* **Exercise description**
Reproduce the listing that follows so that each line matches the original exactly.

* **Supplied data**

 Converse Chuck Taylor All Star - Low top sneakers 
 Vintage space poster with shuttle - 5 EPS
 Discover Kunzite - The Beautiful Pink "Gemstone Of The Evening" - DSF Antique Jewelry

* **Solved exercise**
 Converse Chuck Taylor All Star - Low top sneakers 
 Vintage space poster with shuttle - 5 EPS
 Discover Kunzite - The Beautiful Pink "Gemstone Of The Evening" - DSF Antique Jewelry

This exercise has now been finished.